Same generation.
I don't remember all the details, but my dad was the designated disciplinarian parent - my mum used to threaten that if I didn't behave, my dad would give me a smack. The trouble is, my dad was quite bad-tempered, so you didn't really want him in charge of hitting a child... Like most children, I was occasionally a little shit who wound up both my parents, and there were occasions when my dad lost control.
As an adult, I can understand it all, but I wouldn't repeat it, and I wouldn't recommend it.
I grew up distant towards my dad. His being the one to smack us was the reason for it.
I feel a bit sad for him and blokes of his generation/thinking - it's pretty obvious looking back now that if you were the main parent to do the smacking, especially if you worked long full-time hours (like most fathers did at the time), you were always going to have a distant relationship with your kids. My mum didn't hit us nearly as much, she was home more and she was our primary carer.

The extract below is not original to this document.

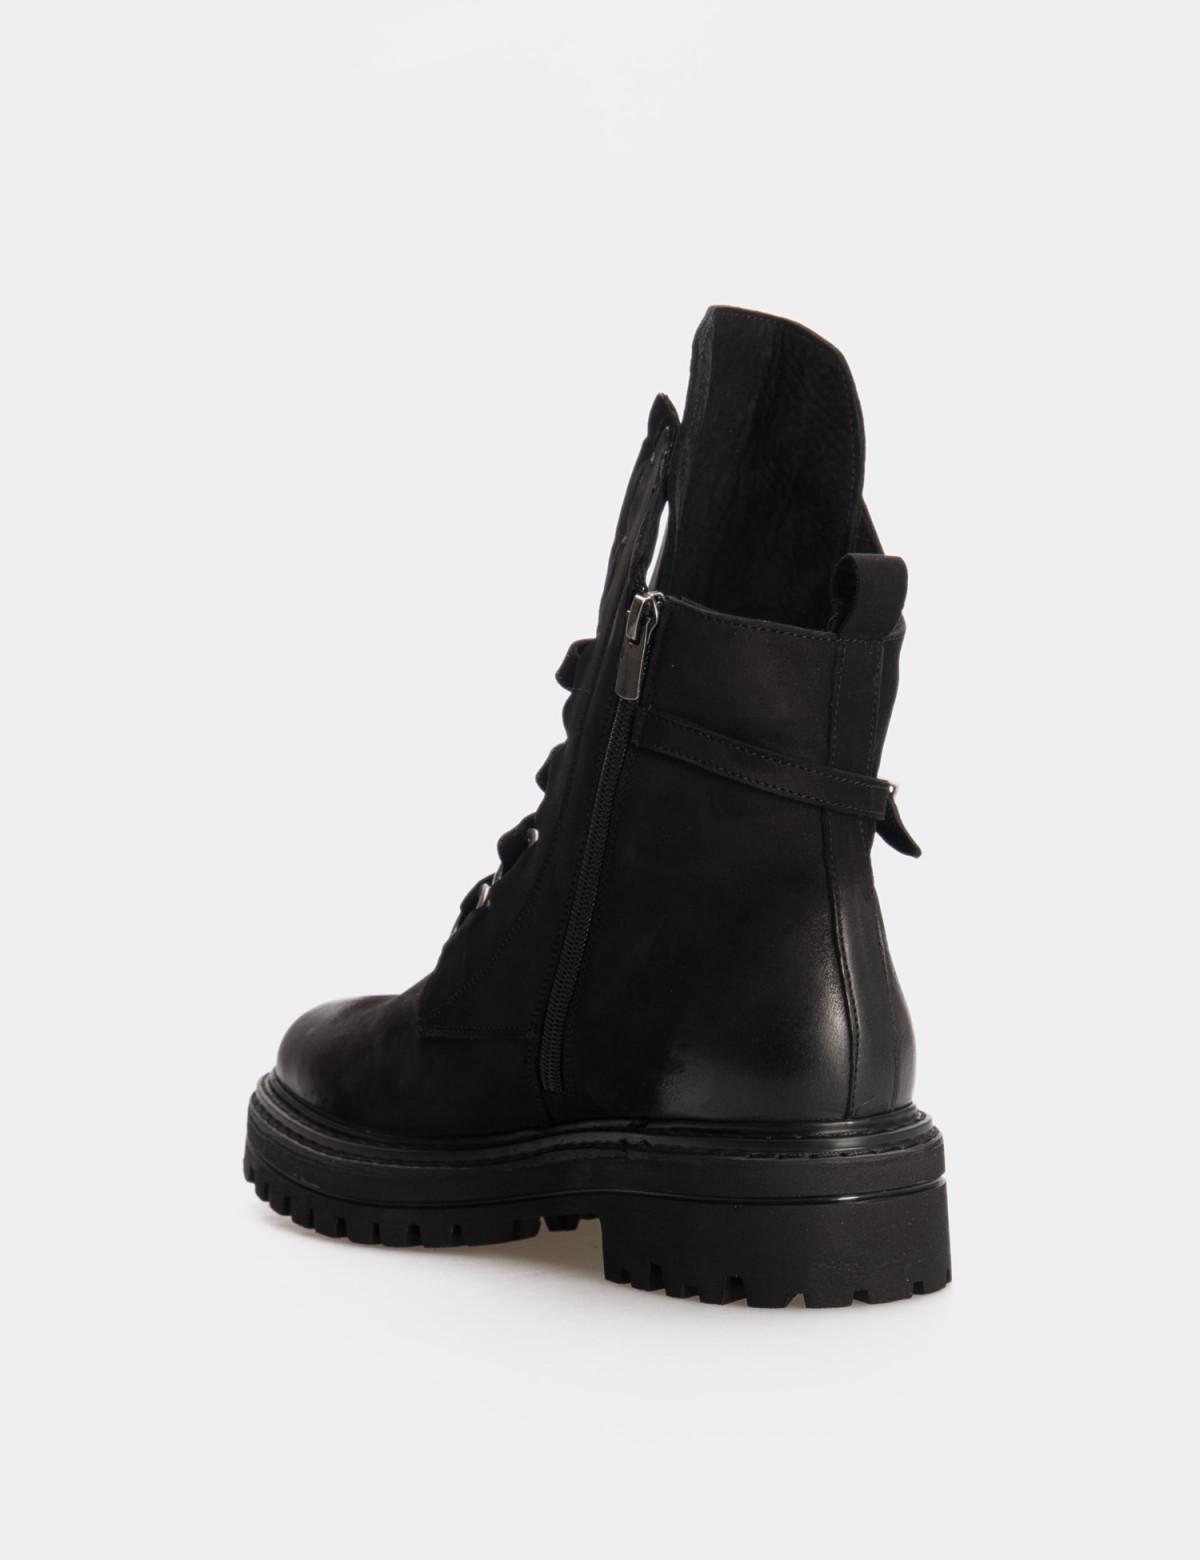 Ботинки черные. Натуральный нубук. Байка2

I'm very close to my mum. I was never able to narrow that distance with my dad.
I have since forgiven him, but I wish we were closer, and I think the fact that we never were is his punishment for being a parent who smacked his kids. I suppose in a way I have to live with some of that punishment too, but he's the one who suffered more for it.

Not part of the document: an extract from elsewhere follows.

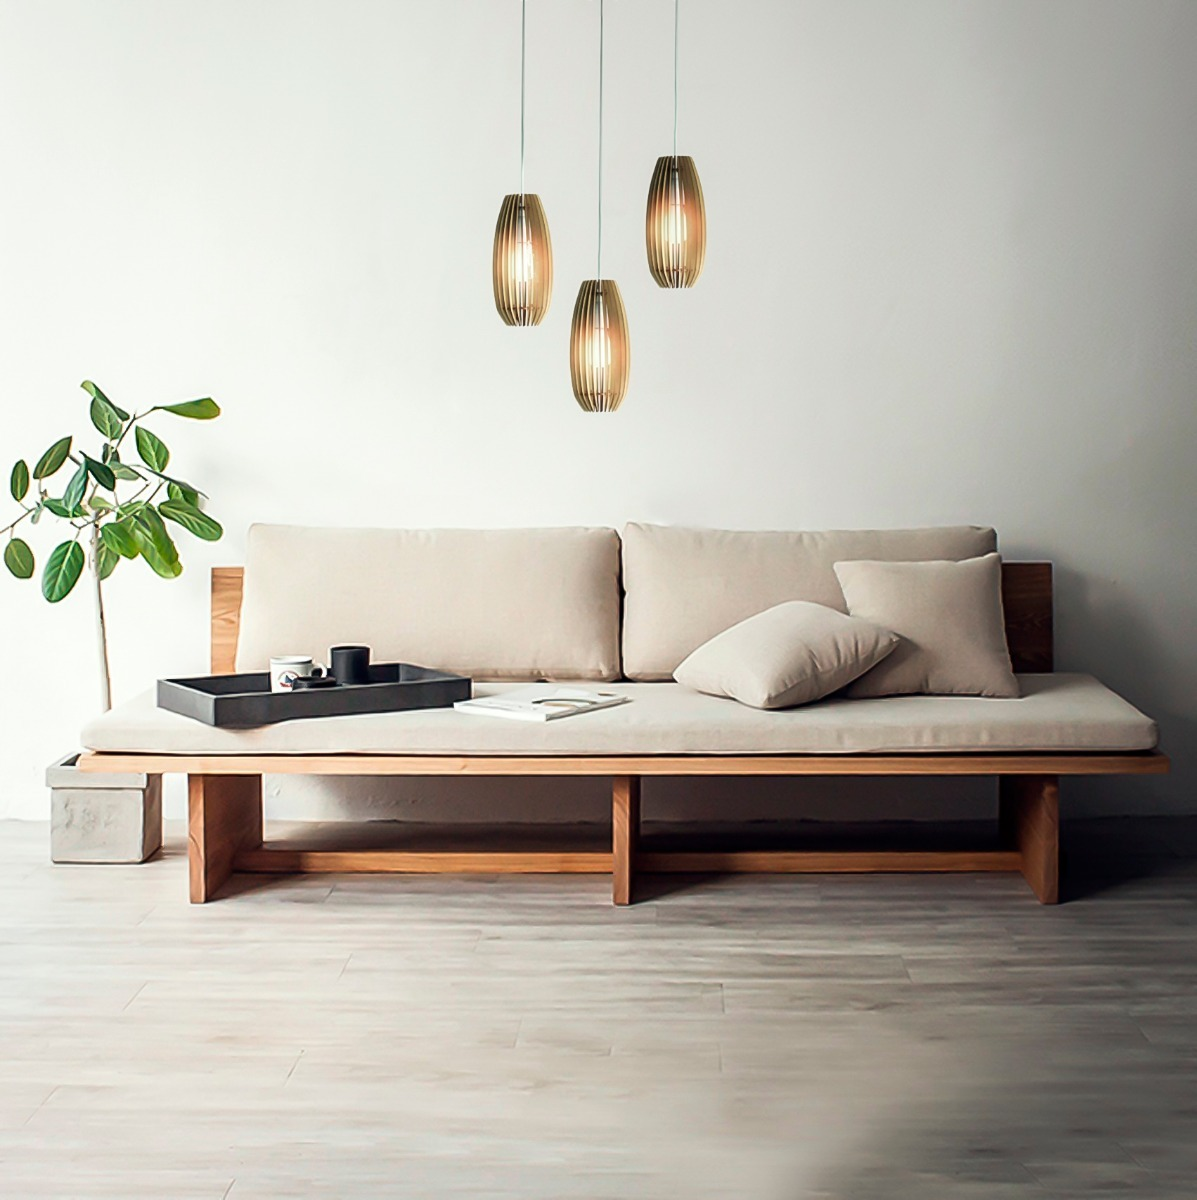 Lampara Colgante Sur Madera Diseño Living Comedor - $ 999,00 en ...

I can't imagine having kids and doing something to close their hearts towards me in that manner. I don't blame him. It was normal back then. But it's behaviour definitely best left in the past.
OP - I don't remember much of my childhood, only moments where I had a strong emotional response. Some of them I don't remember properly - from talking to family, I do have some incorrect perceptions (which you would expect given my age at the time).
It's tricky with something like this, because the way you describe it, who would admit to it going down exactly like that? So, you'll never get 100% closure on how accurate your version of events was.
I feel doubtful you'll get what you need from discussing it with her now (it might even be more hurtful if you find out she's forgotten what was such a big moment for you). Instead, working this through with a therapist is more likely to shield some benefit.